Ms. Owens is a serial offender, known for spreading misinformation and stirring up partisan rancor. (Her Twitter account was suspended this year after she encouraged her followers to violate stay-at-home orders, and Facebook has applied fact-checking labels to several of her posts.) But she can still insult the victims of police killings with impunity to her nearly four million followers on Facebook. So can other high-profile conservative commentators like Terrence K. Williams, Ben Shapiro and the Hodgetwins, all of whom have had anti-Black Lives Matter posts go viral over the past several weeks.

In all, seven of the 10 most-shared Facebook posts containing the phrase “Black Lives Matter” over the past month were critical of the movement, according to data from CrowdTangle, a Facebook-owned data platform. (The sentiment on Instagram, which Facebook owns, has been more favorable, perhaps because its users skew younger and more liberal.)

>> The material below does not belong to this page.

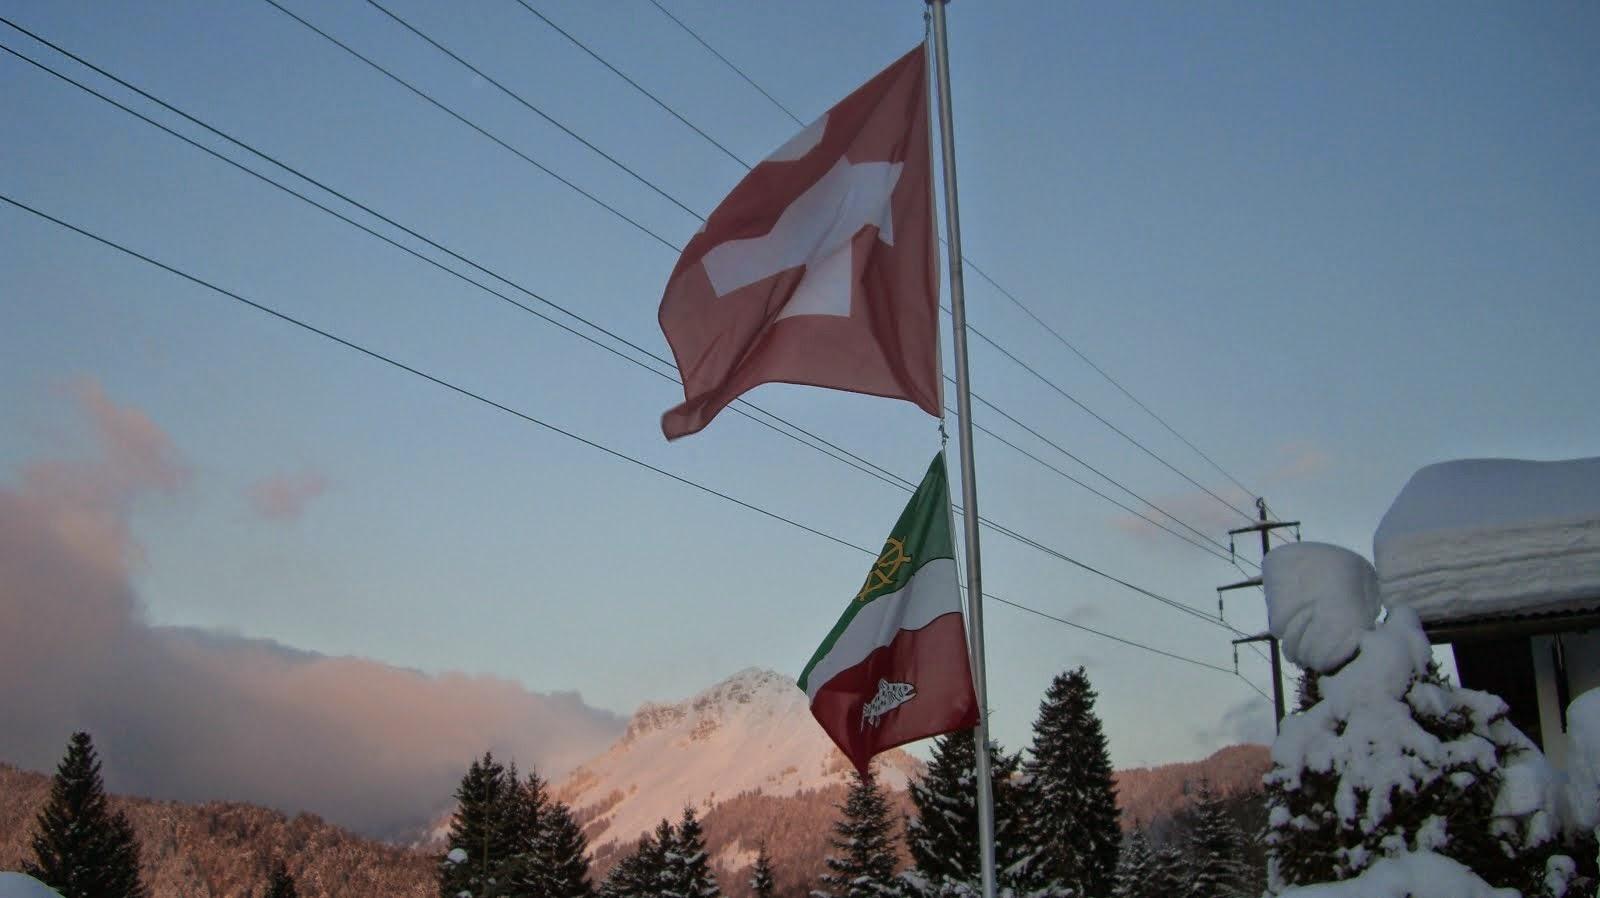 Un drapeau connu...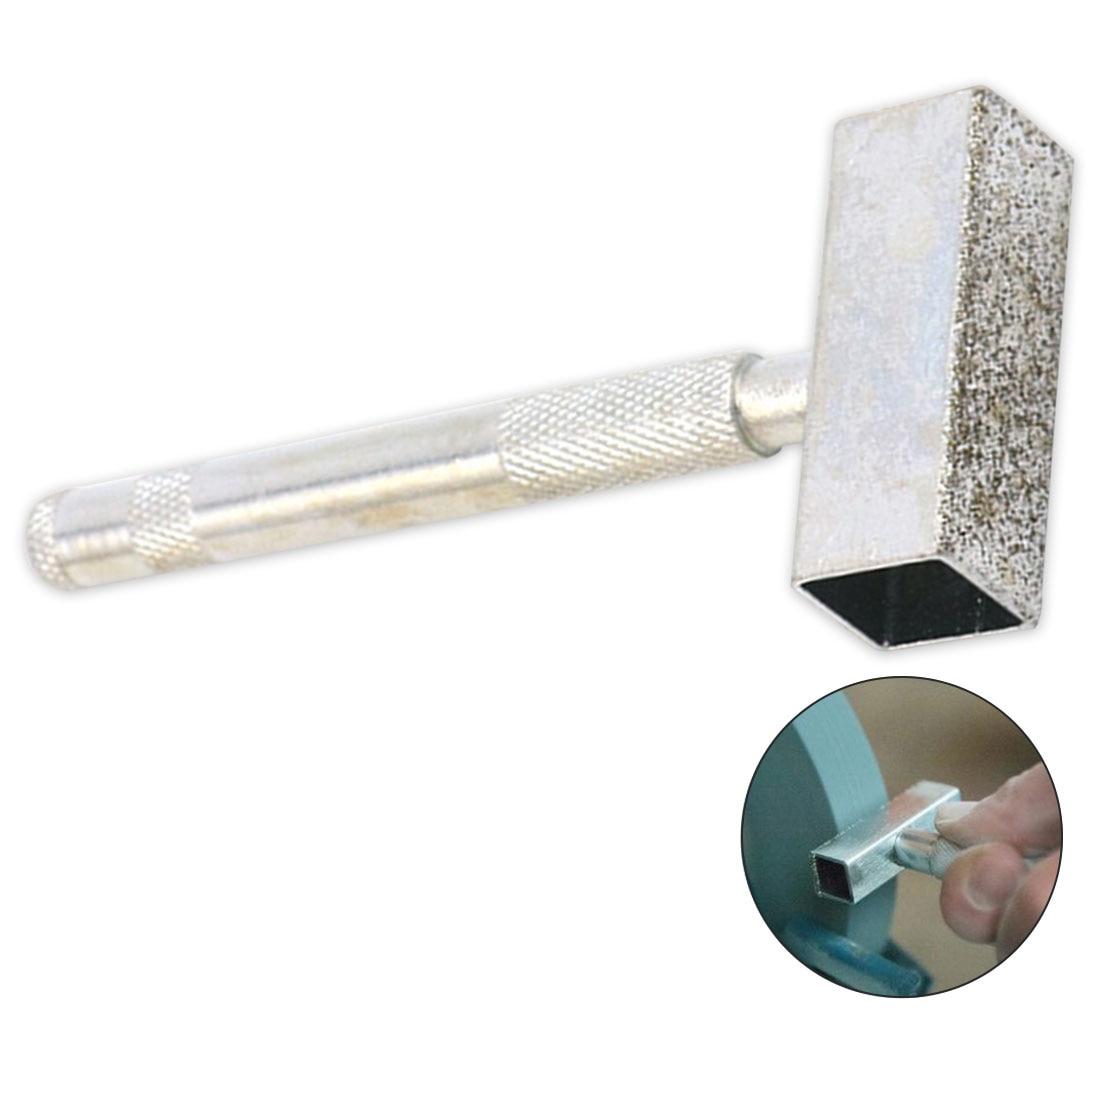 Hand Held Electroplated Diamond Dresser Diamond Grinding Disc Wheel Stone Dresser Tool Dressing Bench Grinder Grinding Tool

Facebook declined to comment. On Thursday, it announced it would spend $200 million to support black-owned businesses and organizations, and add a “Lift Black Voices” section to its app to highlight stories from black people and share educational resources.

Twitter has been a supporter of Black Lives Matter for years — remember Mr. Dorsey’s trip to Ferguson? — but it, too, has a problem with racists and bigots using its platform to stir up unrest. Last month, the company discovered that a Twitter account claiming to represent a national antifa group was run by a group of white nationalists posing as left-wing radicals. (The account was suspended, but not before its tweets calling for violence were widely shared.) Twitter’s trending topics sidebar, which is often gamed by trolls looking to hijack online conversations, has filled up with inflammatory hashtags like #whitelivesmatter and #whiteoutwednesday, often as a result of coordinated campaigns by far-right extremists.

A Twitter spokesman, Brandon Borrman, said: “We’ve taken down hundreds of groups under our violent extremist group policy and continue to enforce our policies against hateful conduct every day across the world. From #BlackLivesMatter to #MeToo and #BringBackOurGirls, our company is motivated by the power of social movements to usher in meaningful societal change.”